▶ _Your assignment_
Please give every line below again exactly, but not its pictures.

▶ _Data section_
───
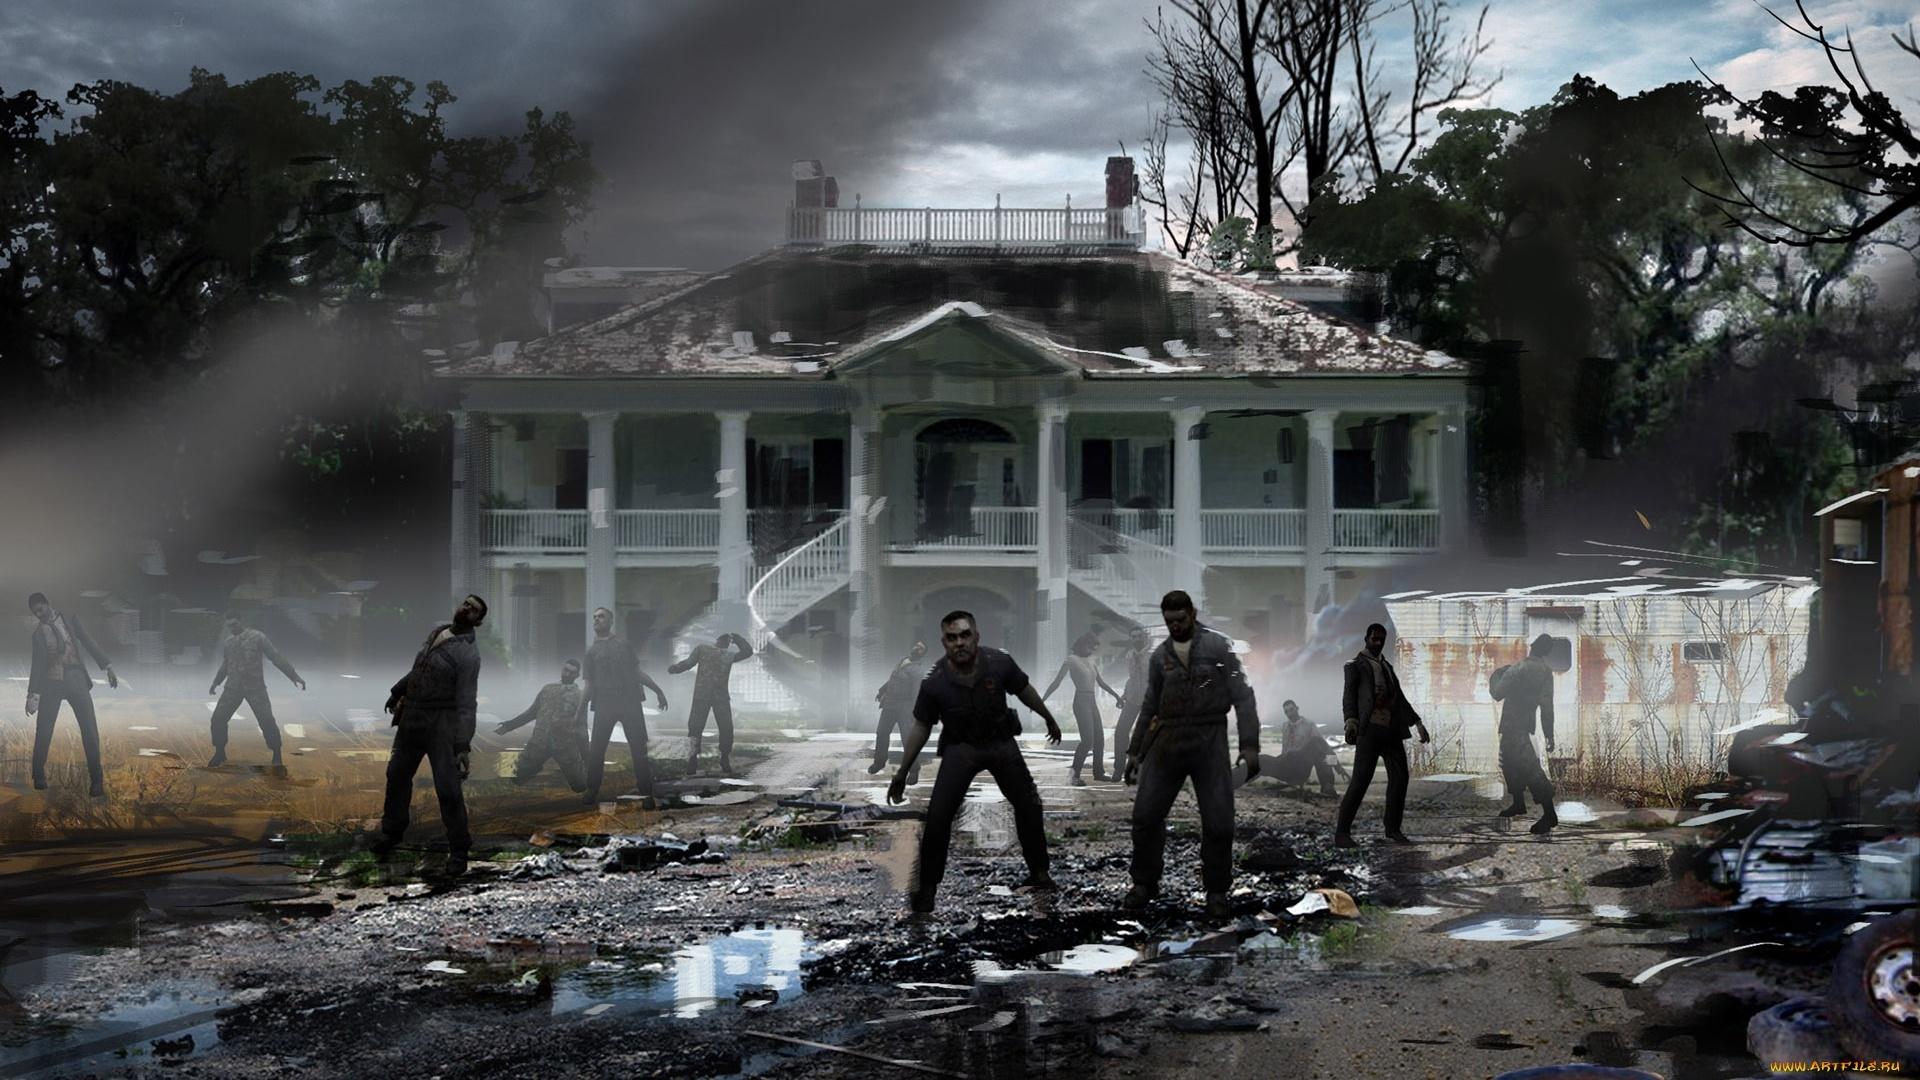 Zombie background wallpaper
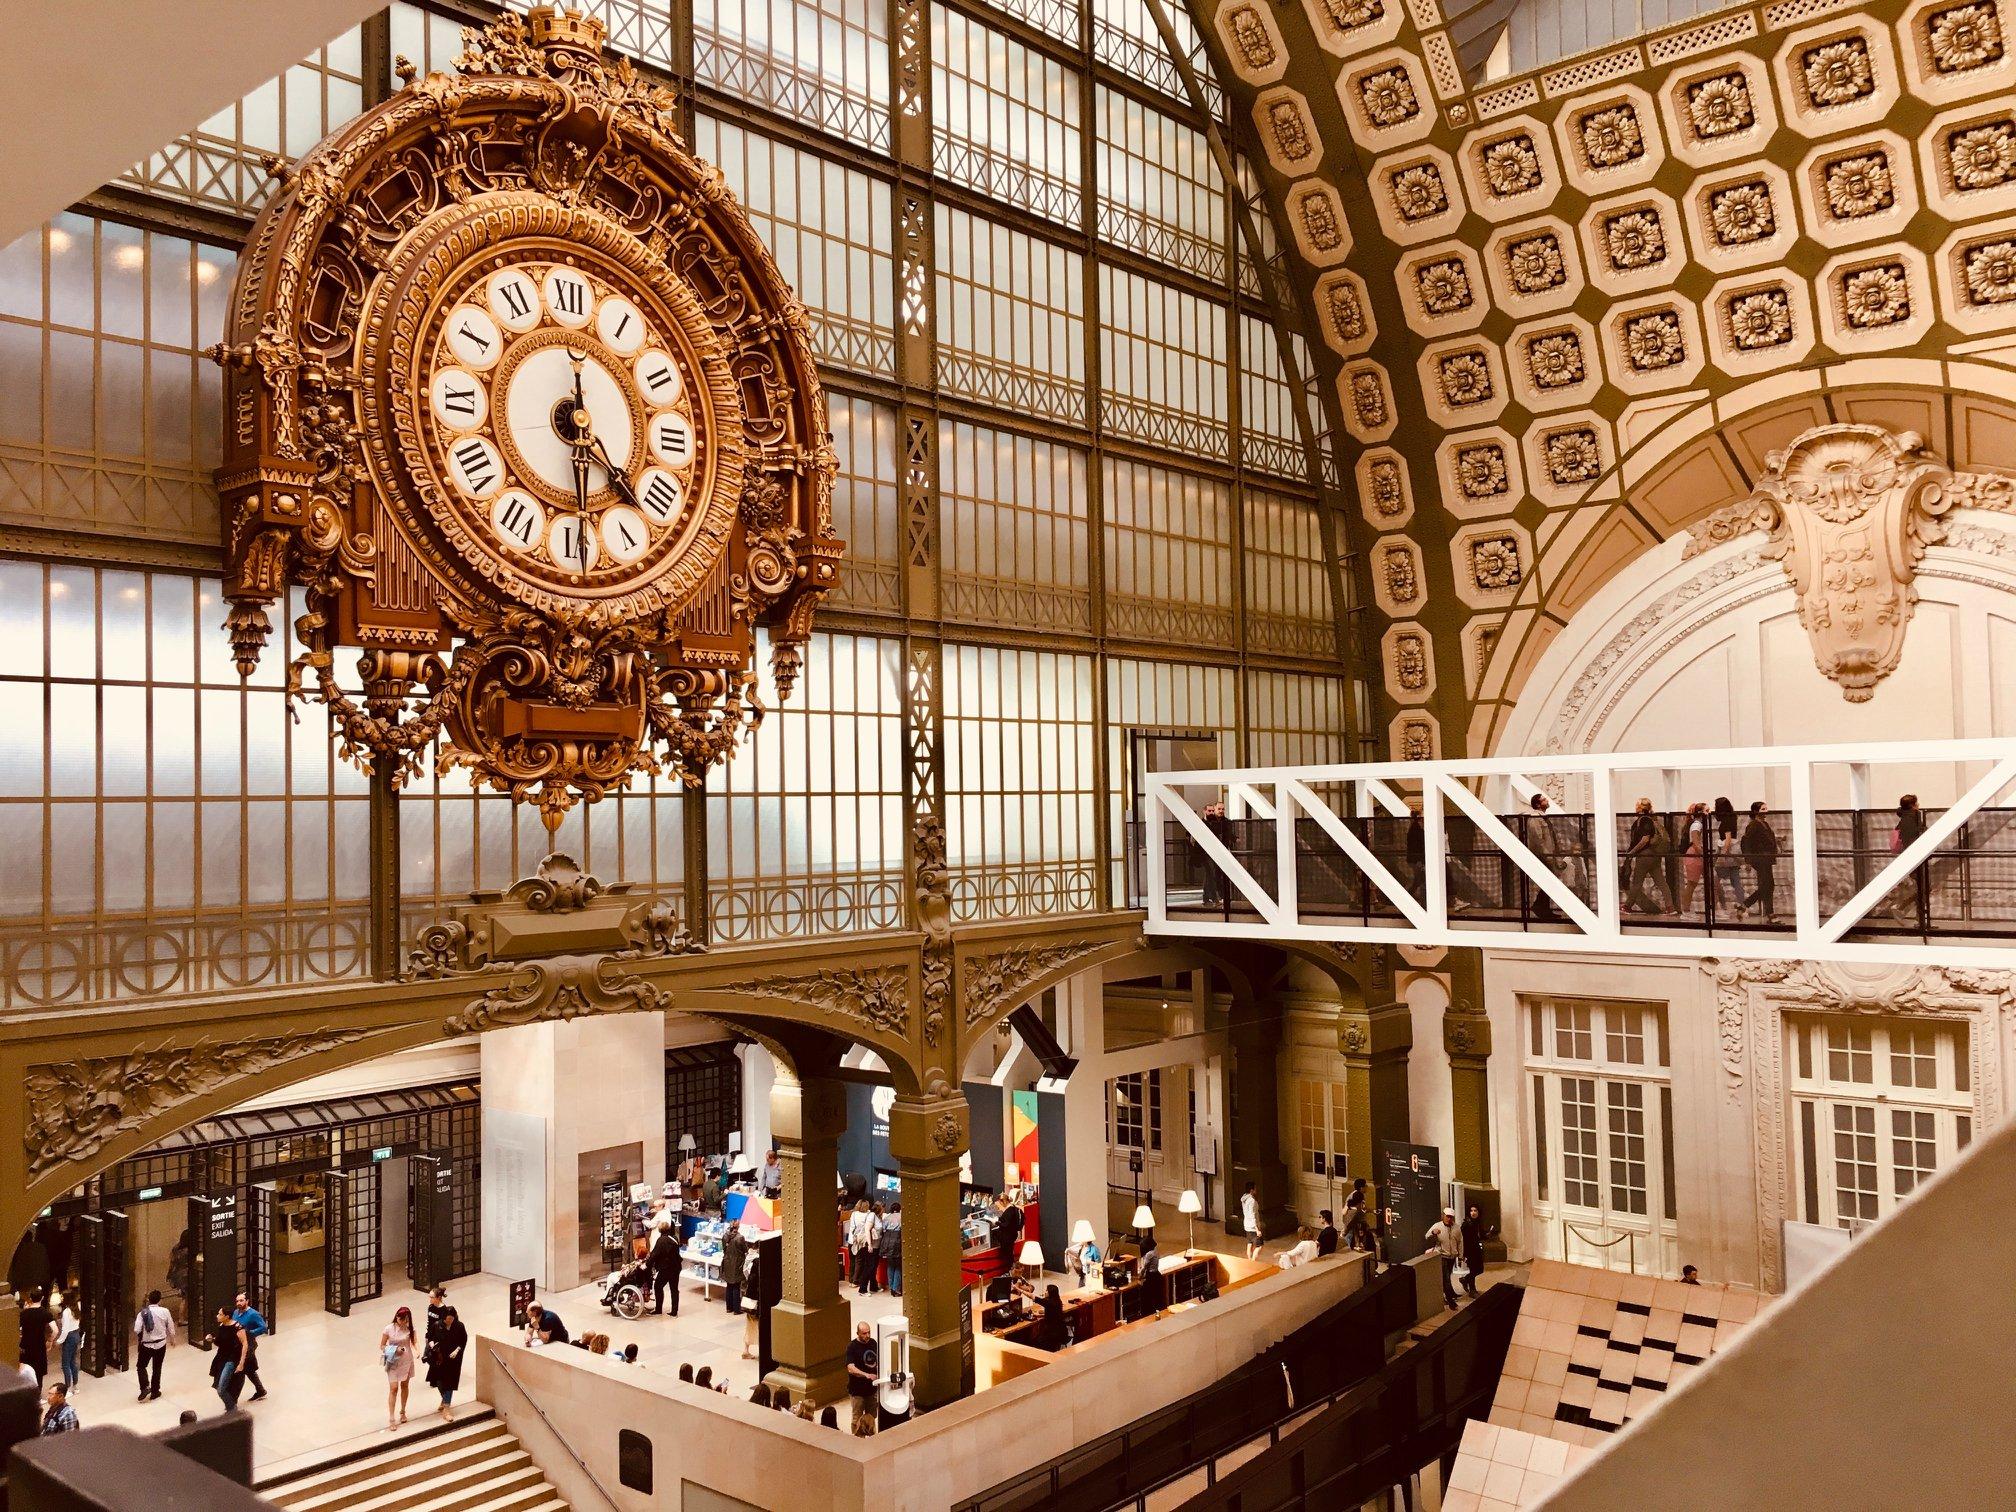 Musée d'Orsay, fot. Armand KhouryUnsplash.com, źródło: Biblioteka Gdynia
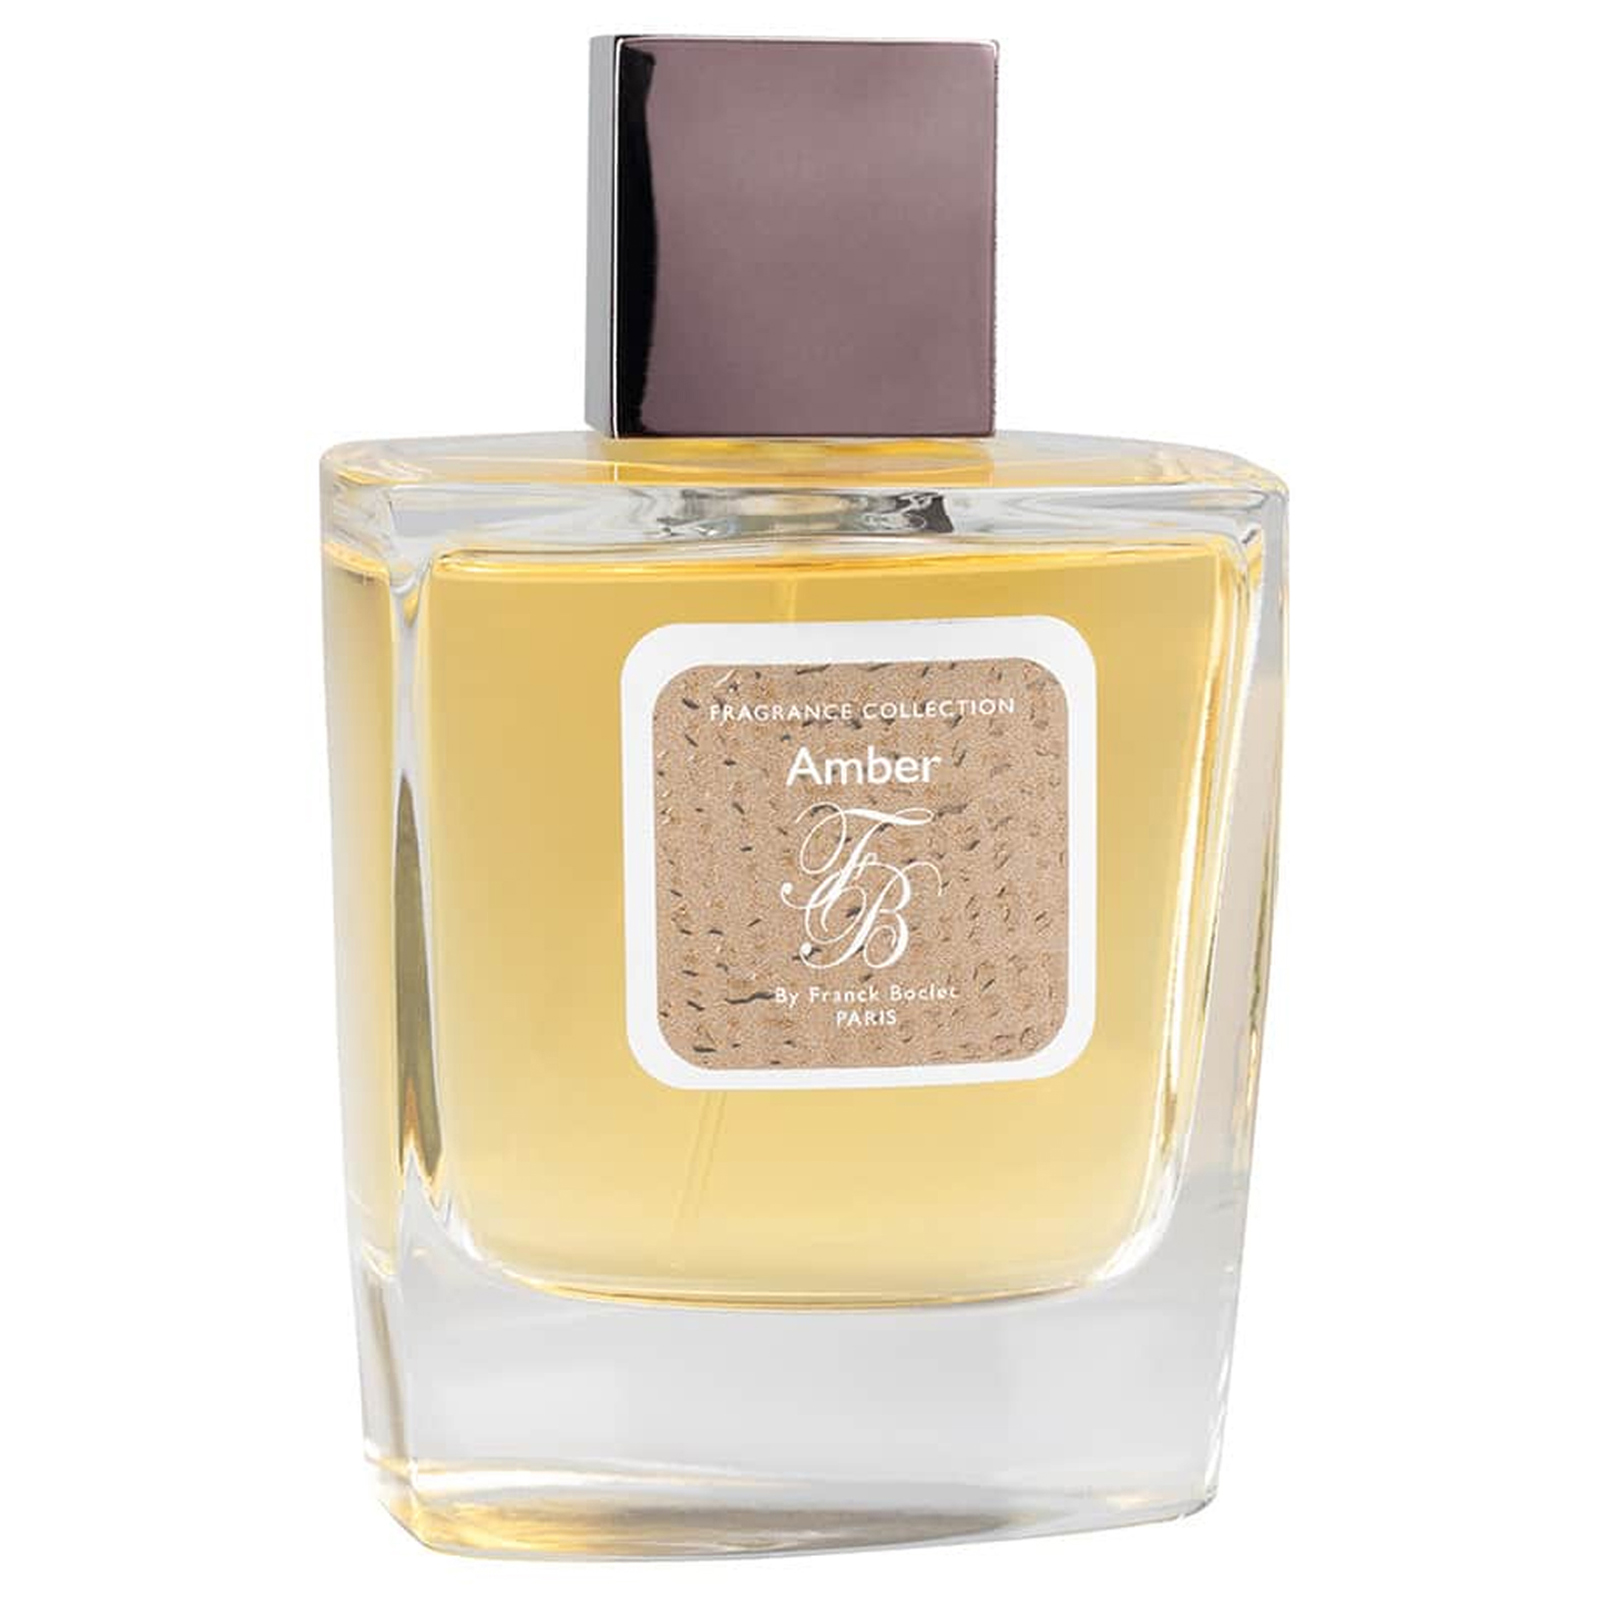 Amber profumo eau de parfum 100 ml
───
▶ _Solved exercise_
 Zombie background wallpaper
 Musée d'Orsay, fot. Armand KhouryUnsplash.com, źródło: Biblioteka Gdynia
 Amber profumo eau de parfum 100 ml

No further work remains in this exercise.